Between Christmas and New Years there was some illness, some cleaning/re-organizing and much staying home. And many delayed naps and crib-singing. However, the monumentous event was the delivery of Maddy's very first no-rails TODDLER BED. There was an aborted attempt to assemble it on Thursday December 29th but instead it was assembled on December 31st, while baba and dido took a kiddo out. And that night, with the crib shoved in the corner of her room, Maddy was ushered into her bed. A bed she was able to usher herself out of.

I think the outing/running around at the rec centre exhausted Maddy enough that she was pretty much out. That left baba & dido and Neil & I to sit around and polish off a bottle of non-alcoholic wine, eat too many chips coated in Helluva Good Dip and play cards. At about 10pm I had to check on Maddy. Had to see where she ended up. I have heard stories of kids falling asleep against the door of their room or in the closet or in the corner... I tiptoed in and found that stuffies had taken over her bed, namely a HUGE pink bear (about her size now) plus his friends. And I could not see Maddy. My heart jumped into my throat and I was about to start searching when I looked closer and saw... Maddy? Under the bears? I pulled off big pink bear and there she was, nestled under the toys (and not under her quilt). Teddies removed, blanket placed over her and she was out until 730am the next day! Night 1 of toddler bed was a complete success!

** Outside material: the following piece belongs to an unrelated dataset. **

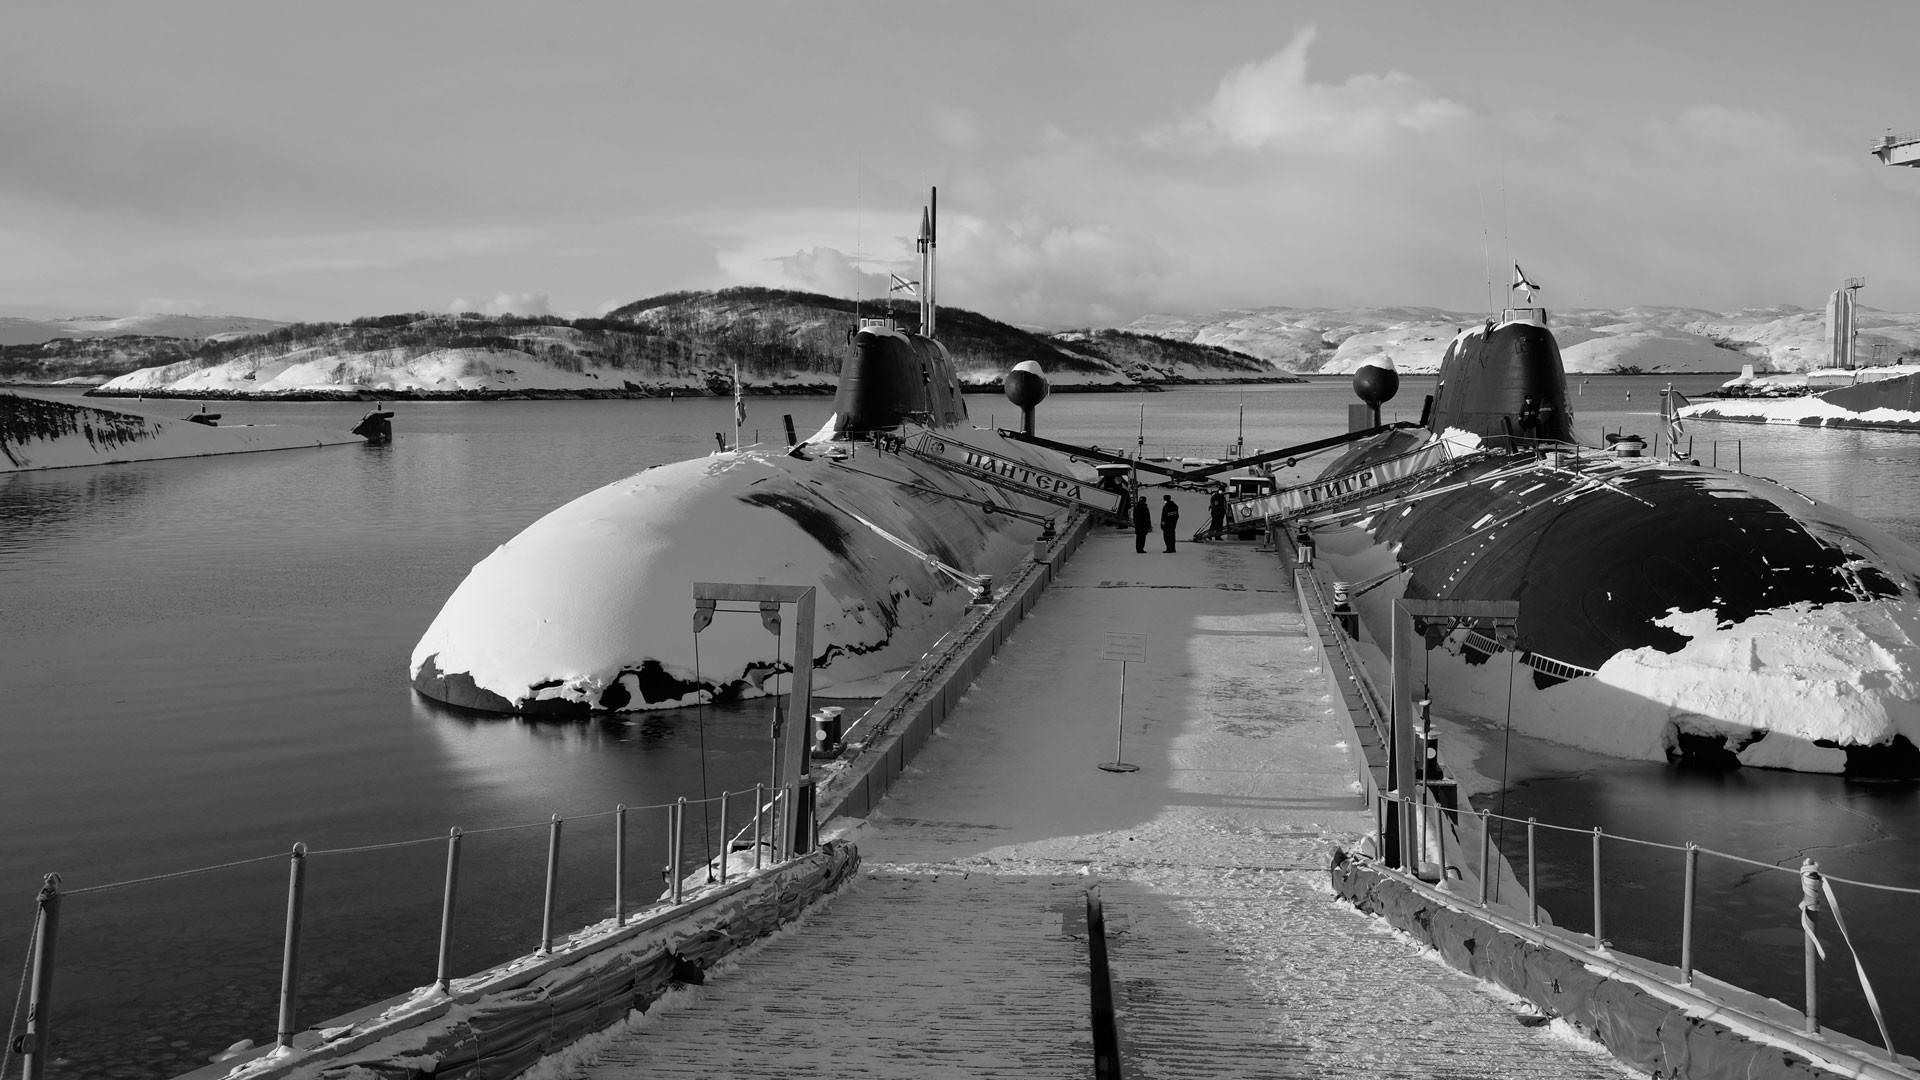 """Подводные лодки проекта 971 """"Щука-Б"""" на базе в Гаджиево Мурманской области. Фото: © РИА Новости/Павел Львов"""

January 1st, nap one of the toddler bed. Naps that have been starting with up to HOURS of singing/playing. And? She did awesome. I asked her if she wanted a nap and she grabbed Odg and was crawling into bed. And hour later she awoke and we scored another victory! That night it was, again, easy to get her in. And Neil and I settled onto our respective couches and nosed around on our computers. And at about 10pm we heard "THUNK" and silence. We looked at each other and RAN to Maddy's room just as the cries started. The three of us sat on the floor, holding each other and trying to calm a crying Maddy. She just kept saying "Fall DOWN. Fall DOWN". Neil asked where it hurt and she pointed to her bed. And then crawled off our laps and into her bed, grabbed Odg and snuggled in. And fell back asleep. She was over it. We were still shell-shocked.

But another good night and we're on January 2nd 2012. After a relaxing morning we asked Maddy if she wanted her nap. She said "NYO!". We still ushered her in bed and Neil went to his computer and I went to our bed to finish my book (the Hunger Games trilogy? Amazing! Could not put it down.) Neil came upstaris and was talking on the phone as I read and listened to Maddy on the baby monitor. I listened to her talk and play. And... walk? And... a click? Click?! The door. I ran downstairs and found a smiling Maddy walking out of her room. Any attempts to restart her nap was answered with a firm "NYO!" So? We skipped her nap.

Skipped her NAP.

I was expecting a wailing melt-down of a child when we did a few errands. Nope. She was great. At dinner? She was happy. After dinner...? Just fine. A bath and bed a bit early and she was immediately asleep. I asked the all-knowing Facebook and my friends responded that some kids are ready to miss some (maybe not all) naps by age 2-ish. Maddy's age. Oy.

This holiday break was filled with fun and family and food. And a Maddy that is no longer my swaddled infant but a little girl in her toddler bed who many not need naps and is pretending as she plays and talking up a storm. My beautiful girl, baby no more.